La geografia evolve anche ad altri livelli, non territoriali. Il report mette in luce la recrudescenza delle varie forme di pressione e intimidazione a danno degli amministratori locali, costretti in molti casi a rinunciare al proprio mandato per evitare ritorsioni. I tentavi di condizionamento sembrano non avere barriera nei comuni più piccoli, meno esposti all’attenzione dei media, dove le dinamiche locali spesso non hanno racconto.
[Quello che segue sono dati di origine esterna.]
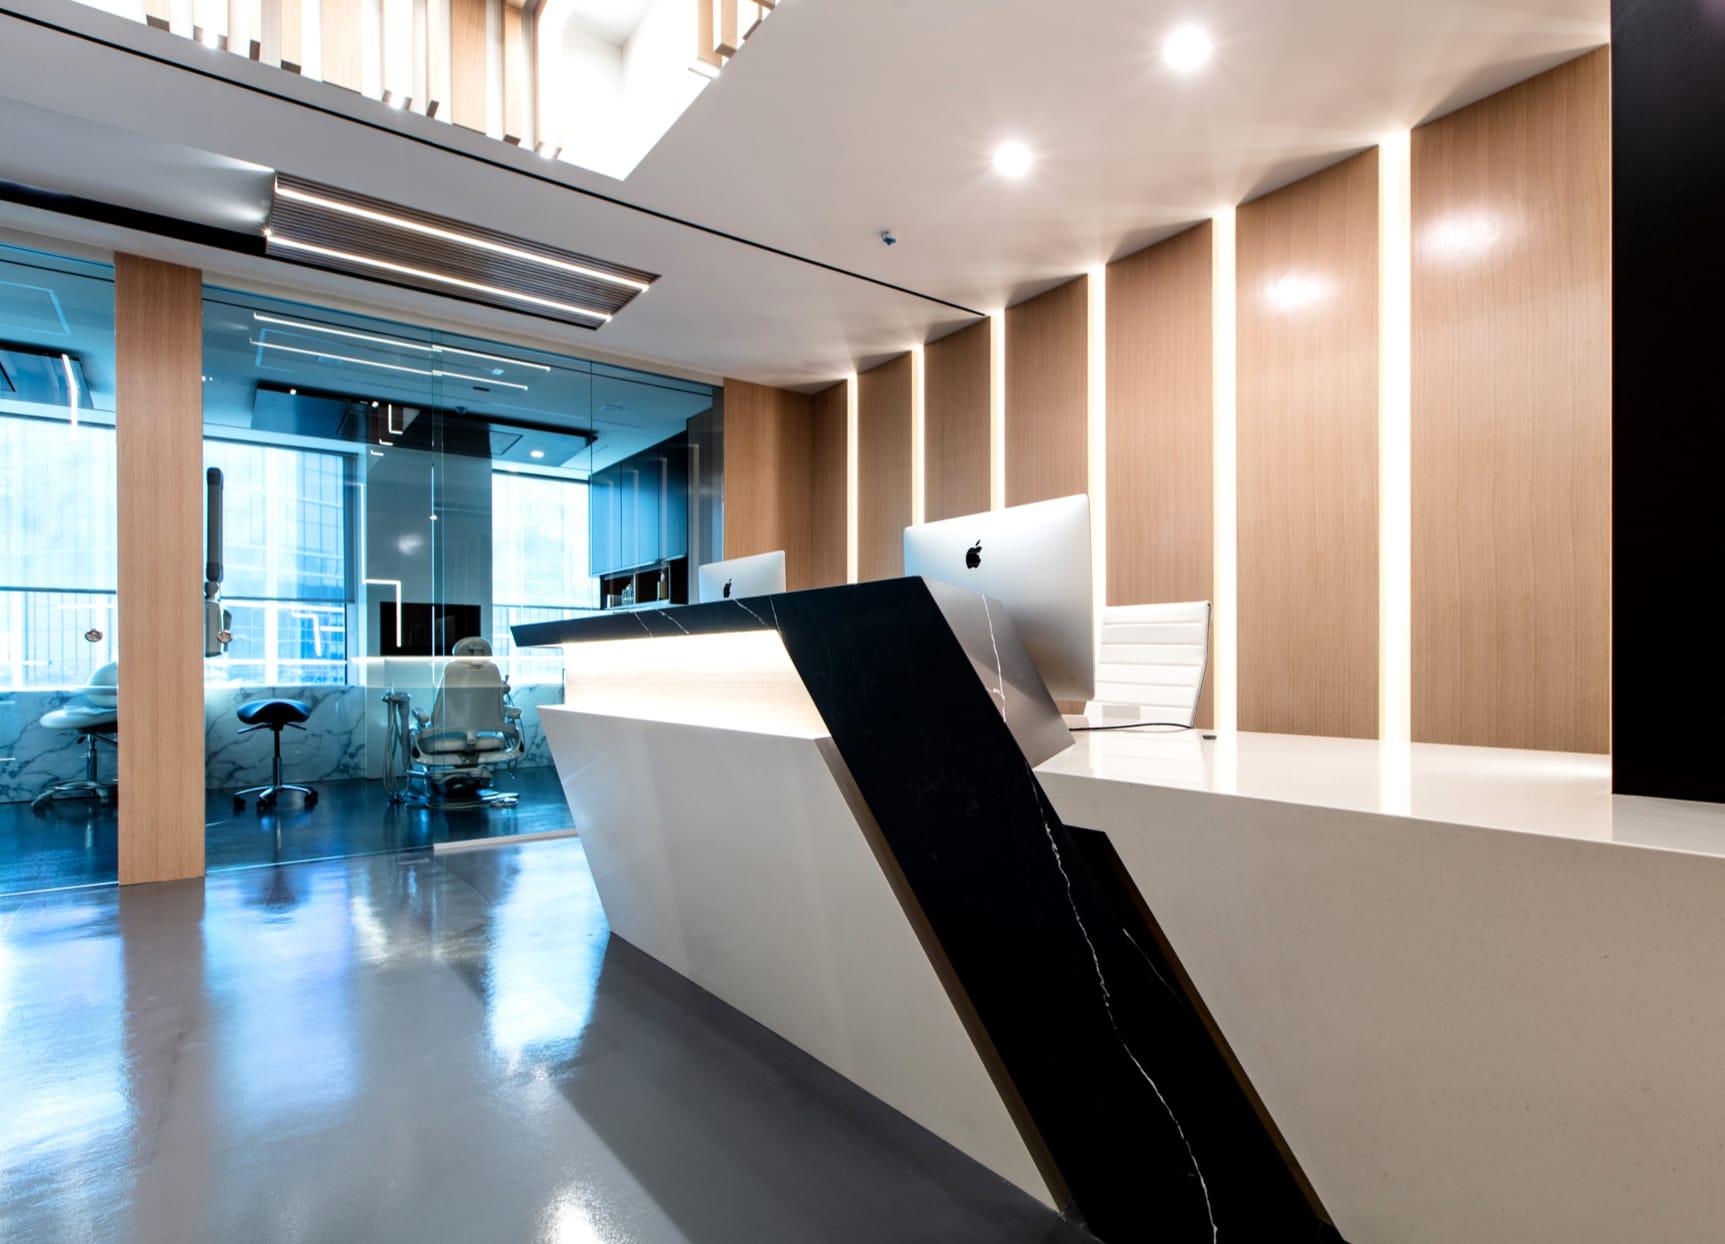 Receptionist desk - clean, modern, sleek lines.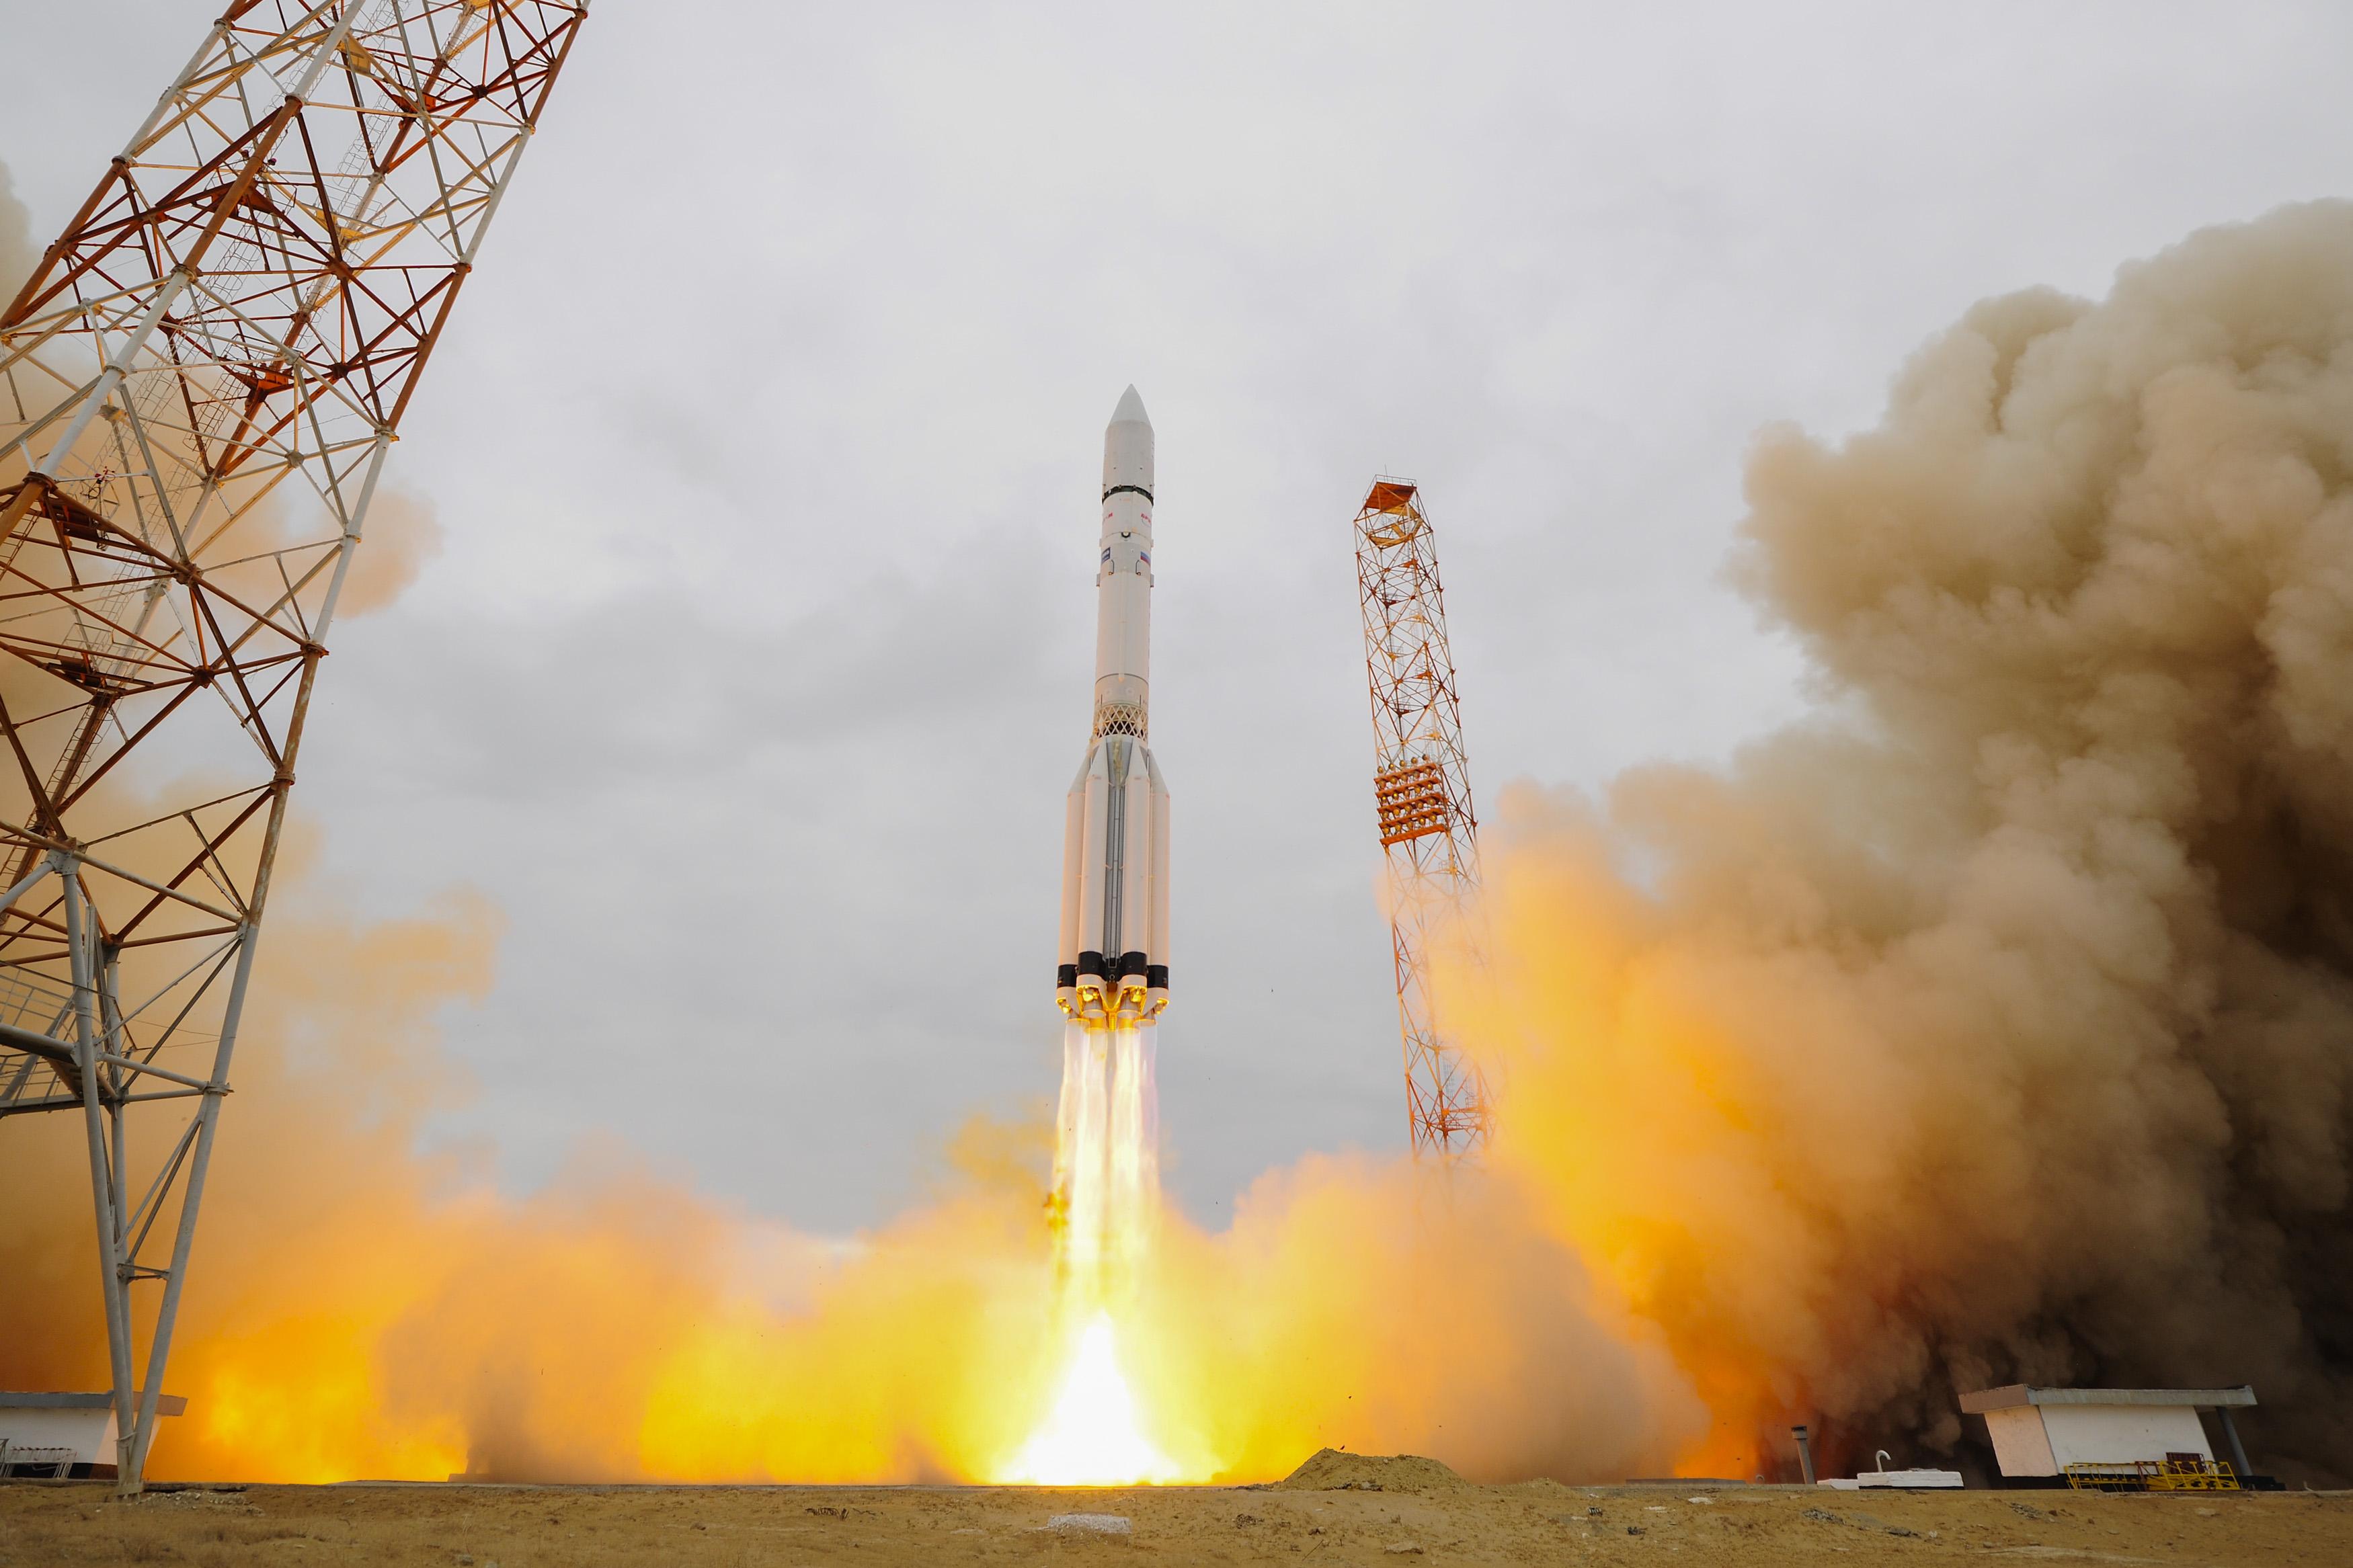 future rocket taking off - HD1600×915

Del resto, si legge nel rapporto, l’assalto delle mafie al Nord è assai diverso da quello volutamente plateale e rumoroso che ha scandito i grandi capitoli della guerra tra Stato e Mafia. E’ una storia minore volutamente minore, perché “i clan non annunciano e non rivendicano di volere modificare i modi di vita o i valori di riferimento della comunità. Quest’ultima infatti considera a lungo la loro presenza come una anomalia (più o meno sgradita), inabile a incidere significativamente sulla vita civile quotidiana. Salvo trovarsene sconfitta silenziosamente, anzi espugnata, senza avere mai visto arrivare in lontananza l’esercito nemico; colonizzata anche nel pensiero e nel linguaggio, come dimostrano alcune inchieste televisive”.
Se il fronte privato dei cittadini si è dimostrato spesso disarmato, anche quello delle istituzioni pubbliche ha visto arretramenti davanti alla minaccia che si materializza. “Il fenomeno è certo assai variegato, ma rinvia a uno stesso rumore di fondo, da Pavia a Cadorago, da Corsico a Tribiano, da Pescate a Corrido, da Fino Mornasco a Dorio, da Solferino a Pegognaga, e appare più frequente nei comuni minori, meno interessanti per la stampa o l’opinione pubblica. Valga per tutti il caso del comune di Sorico, di 1200 abitanti, in cui ben due sindaci hanno subito, uno dopo l’altro, l’incendio dell’auto nella disattenzione generale”. Insomma se la malattia è asintomatica nessuno se ne cura. Ed ecco allora il valore di questa ricerca multidisciplinare che mette insieme i solidi elementi di conoscenza che derivano delle indagini giudiziarie, i frammenti di cronache anche minute, uno sguardo geograficamente e temporalmente ampio che consente di collocare attori, vittime e comparse del proscenio criminale in una forma precisa, chiara, discorsiva. E così facendo ricostruisce le mappe (non solo geografiche ma familiari, comportamentali etc) di questo grande, invisibile e silenzioso assalto.